You can only put up so many fences before someone figures out a way to get in, agrees Walker, noting that it is critical to secure your business from the inside. Guarding against these high-tech threats demands that you get the human side of things right. “Make sure that your teams are trained so that they understand what is at stake.”

Dr Nasila believes that businesses must train employees to always think before they act. Cyber attackers are very good as pretending to be someone else — like a friend, family member or colleague — in order to gain a person’s trust and to get the individual to let their guard down. Employees must be trained to approach any emails that come to them unexpectedly with a healthy measure of suspicion, he adds.

It’s important to get the basics right, like keeping all software up-to-date, backing up data regularly, placing the necessary controls on employee activity and putting comprehensive security measures in place where possible, outlines Dr Nasila.

How to protect against the new wave of cyberthreats

To guard against cybercriminals who use emerging tech for ill gain, Dr Nasila suggests the following measures for African businesses:

Enhance communication channels: When a business is under attack by a cyberthreat, timing is of the utmost essence. The quicker you can organise your emergency management team, the better. The sooner you can transmit pertinent information to everyone in your network, the more likely you can reduce the risk or magnitude of the attack. By taking advantage of all forms of communication technology, your organisation can minimise the threat and set out on a corrective course more efficiently.

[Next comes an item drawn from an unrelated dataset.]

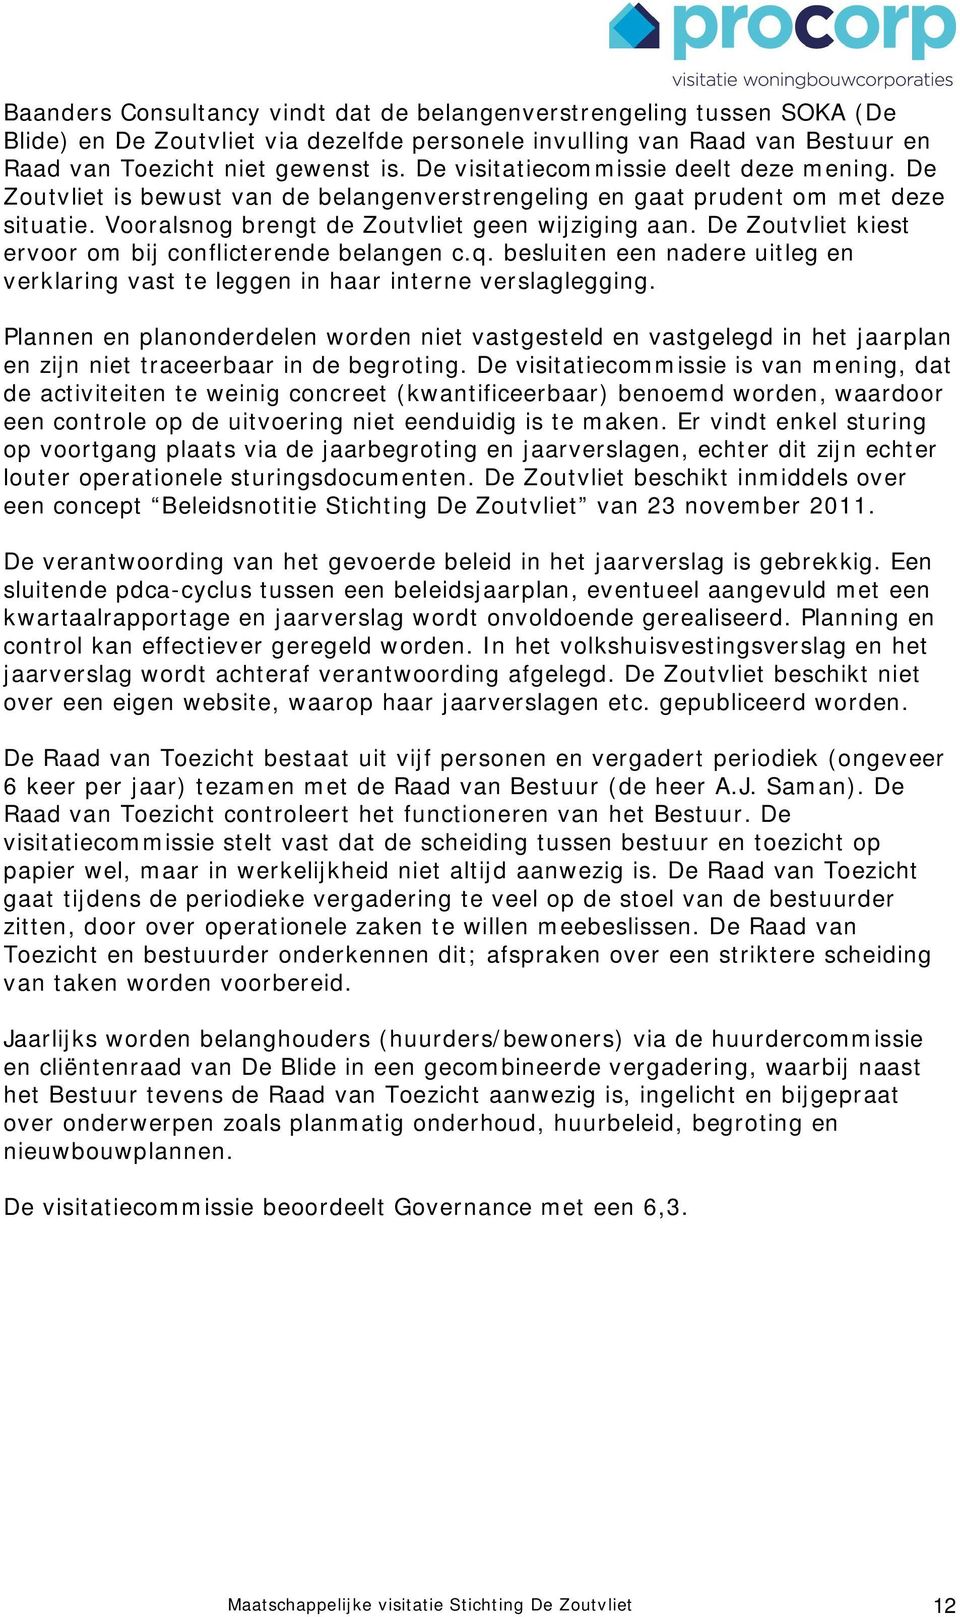 De Zoutvliet kiest ervoor om bij conflicterende belangen c.q. besluiten een nadere uitleg en verklaring vast te leggen in haar interne verslaglegging.

Use bot-detection programmes: One of the best ways in which bots can be countered is through the use of machine learning bot detection programs like Botometer, Tweetbotornot or IBM’s DeepLocker.

 Utilise AI and other technologies to enhance cyberthreat profiling: Make use of AI to enhance fact checking. Machine learning and algorithms are much more efficient than an individual or a team of people hired to check millions of tweets and social media posts that are generated each day. You may find that the same kinds of AI systems that create the problem in the first place are responsible for finding a solution.

 Have an integrated approach towards cyberthreat risk management: An integrated risk management approach recognises that each organisation faces unique sets of risks and threats and, as a result, must take a risk-centric (not compliance-focused) approach to security. This is especially important because cyberattacks enabled by technology keep evolving and getting more and more complex. An integrated approach enables identification of critical cyber-physical assets and assesses the impact of vulnerabilities that affect the assets in an organisation.

Have a multi-disciplinary approach towards creating awareness and minimising exposure to cyberattacks: This can range from better cybersecurity awareness training through to the use of zero-trust mechanisms and network segmentation techniques that make it harder for an AI-powered attack to spread. AI attacks promise a step change in attack volume and velocity, making it more important than ever for defence to keep up.

As cyber threats become smarter and more sophisticated, no organisation can afford to be complacent about cyber security, concludes Dr Nasila. “Today, businesses must always assume they are continually under attack from outside threats.”